Lay of the Land
“The English language is like London: proudly barbaric yet deeply civilised, too, common yet royal, vulgar yet processional, sacred yet profane. ”~Stephen Fry
Today’s London is an amalgamation of numerous villages, some dating back to ancient Roman times. As a result, the city’s neighborhoods have distinct personalities and attributes. Traveling from west to east, Notting Hill and Kensington are primarily residential and home to some hidden restaurants and boutiques. Chelsea, South Kensington and Knightsbridge are ideal for strolling and shopping, with some excellent cafés and famed British stores like Harvey Nichols. Mayfair is where you’ll find many of the city’s grandest hotels and restaurants like Claridge’s and The Square. Meanwhile the West End, Soho and Covent Garden districts are famous for theaters, museums and general hubbub (see: Picadilly Circus).

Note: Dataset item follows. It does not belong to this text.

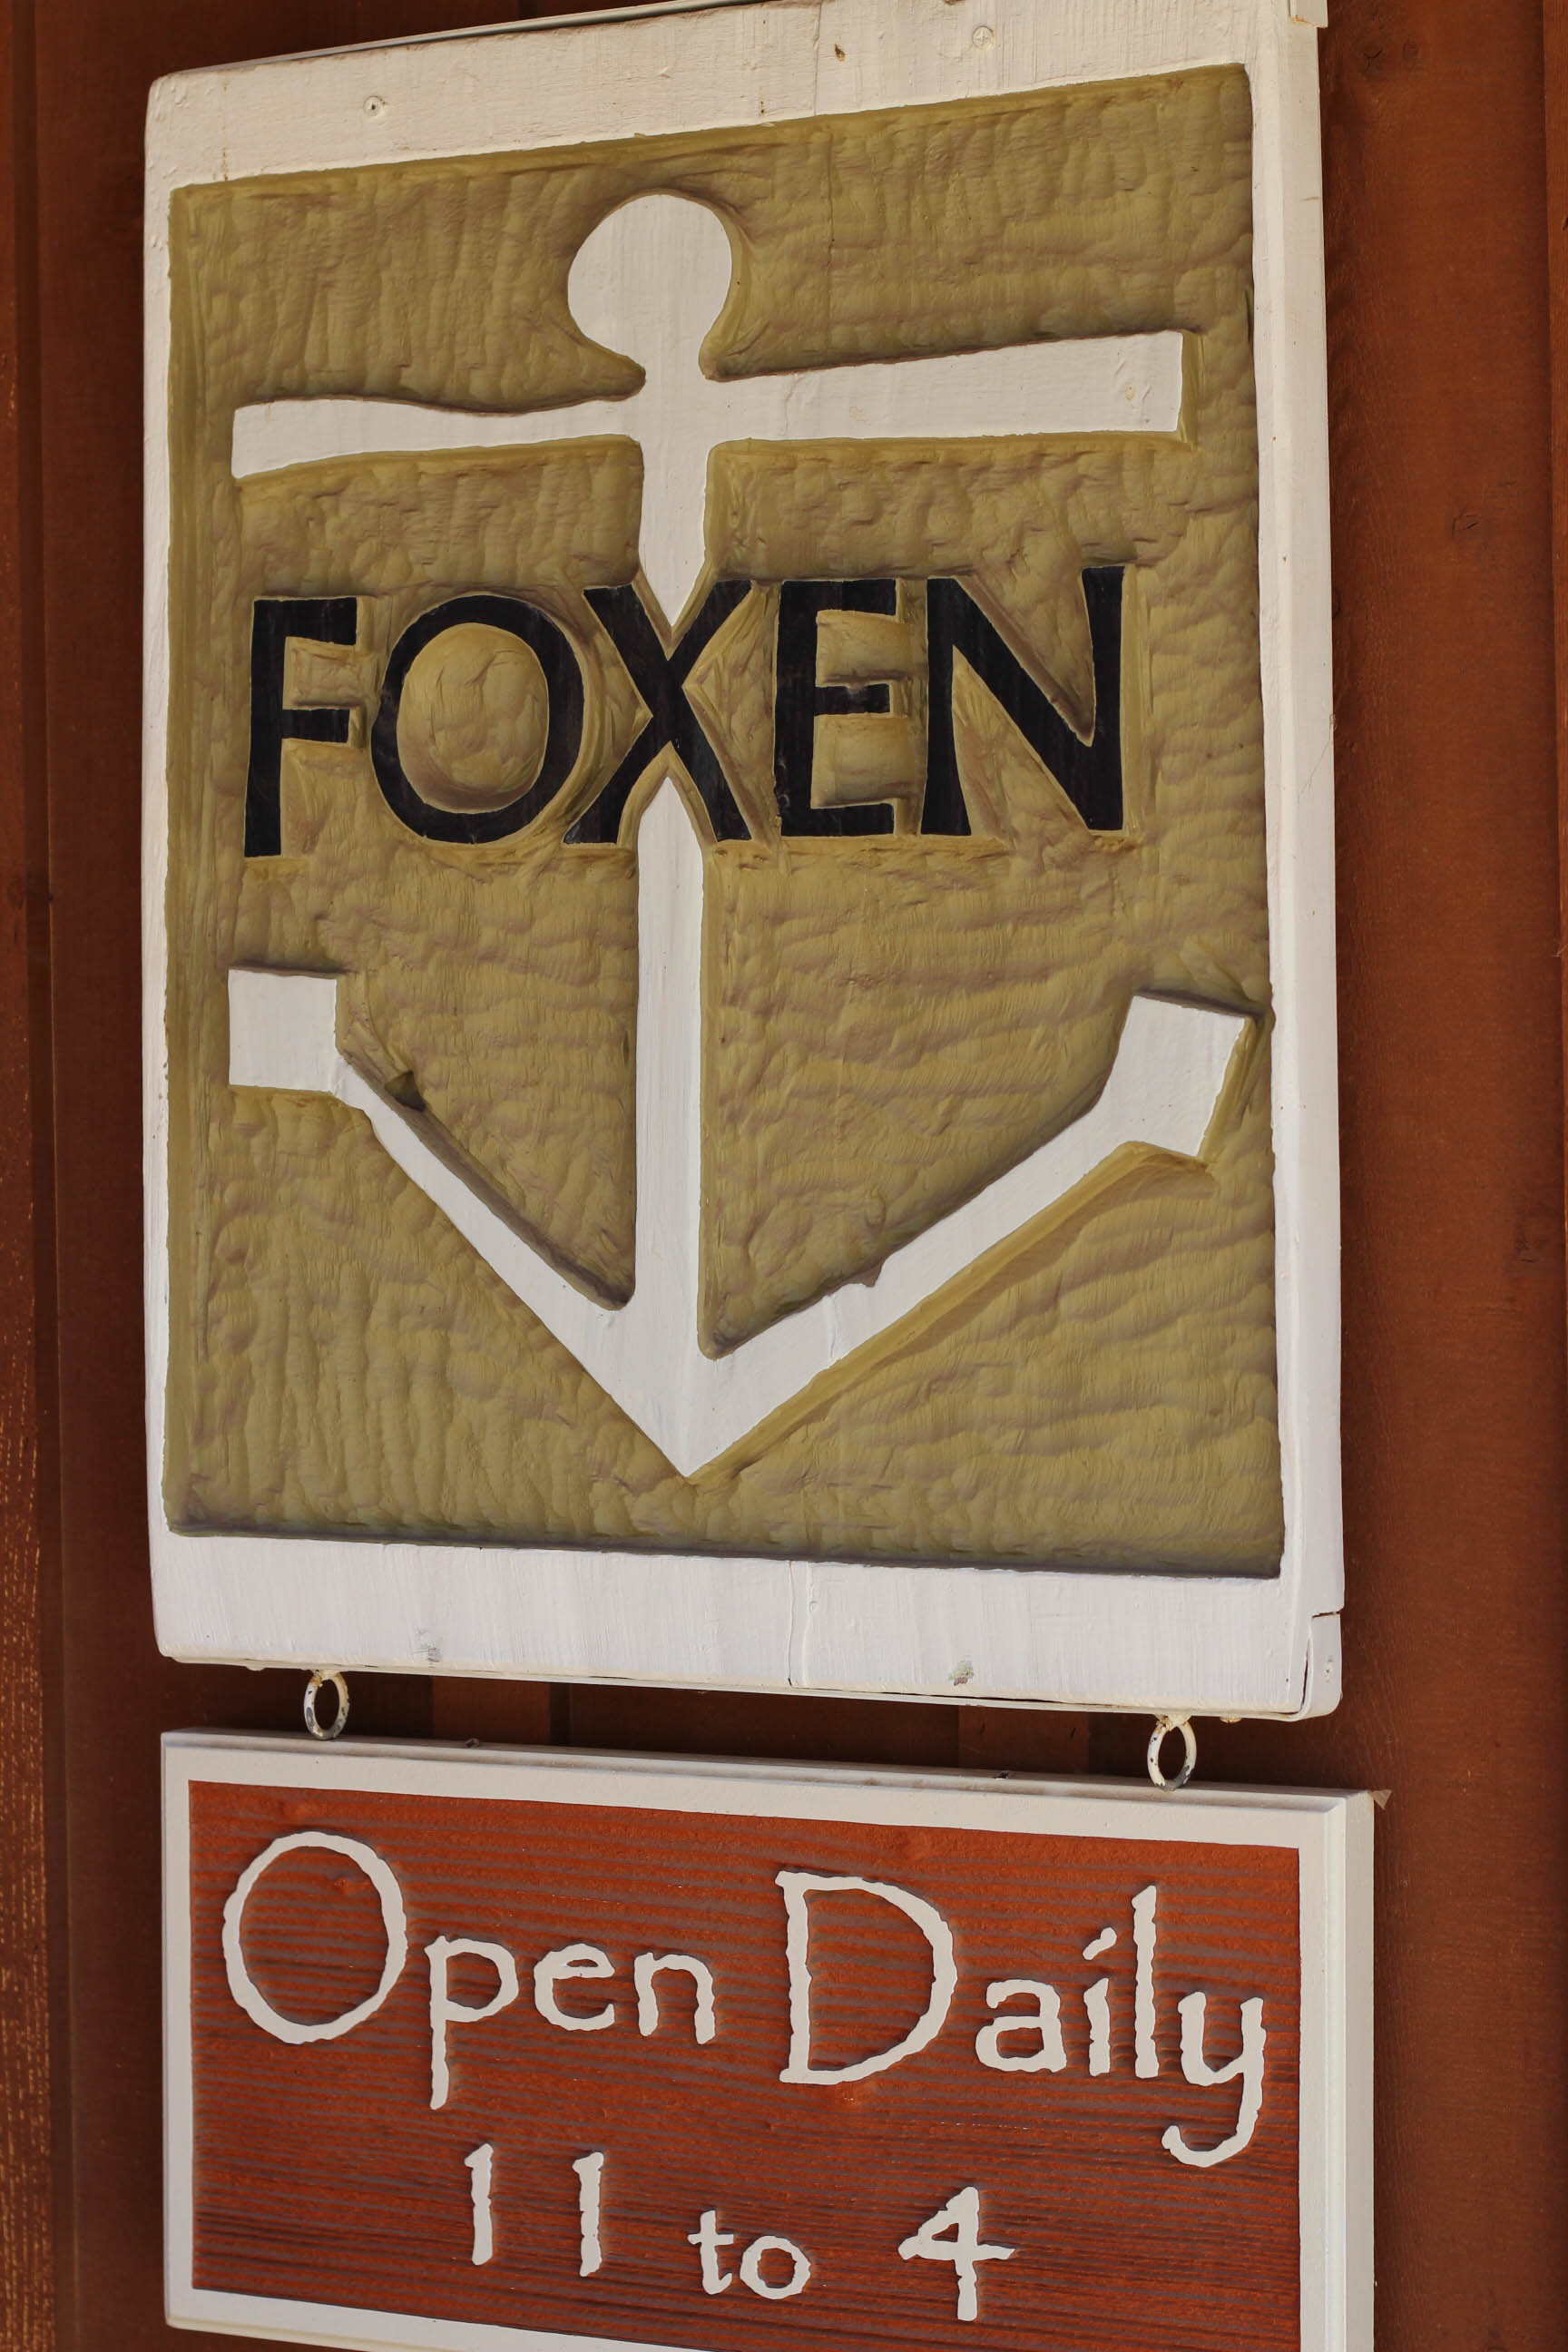 Foxen Winery and Vineyards

Major historical sightseeing (such as the Houses of Parliament, Westminster Abbey and the London Eye) is located in central London. In the east is “The City,” the financial district and hip neighborhoods like Shoreditch and Clerkenwell, home to some seriously cool restaurants. Directly across the Thames, South Bank is a foodie destination with funky restaurants and the cult favorite Borough Market.

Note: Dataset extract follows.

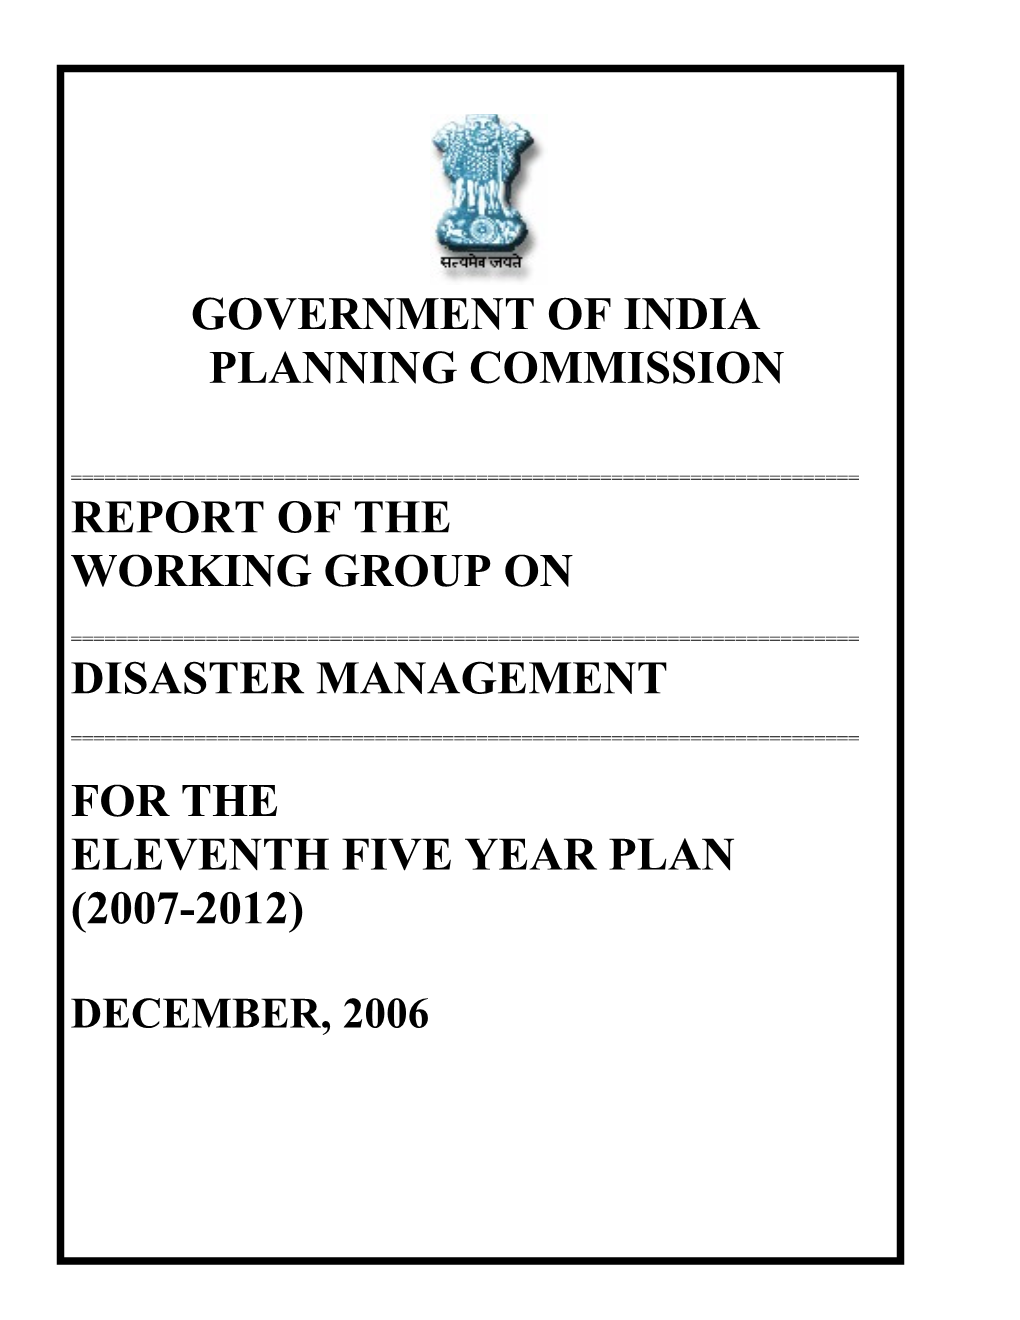 Report of the Working Group on Disaster Management Set up by the Planning Commission

Black Cabs are pricier and harder to come by than taxis in other cities, but the Underground or “tube” is quick, clean and safe. If you plan on staying in the city for more than a couple days and using the underground system, look into purchasing a multi-day card. Be aware that you must present your ticket as you exit the station, so keep it handy.
London is an example of a city that has perfected the airport transfer (New York City, take note). Heathrow and Gatwick Express trains run between the airports and Paddington or Victoria train stations (respectively) multiple times per hour. Tickets can be purchased in advance or just before departure, and they are significantly cheaper than taxis plus avoid London’s legendary traffic.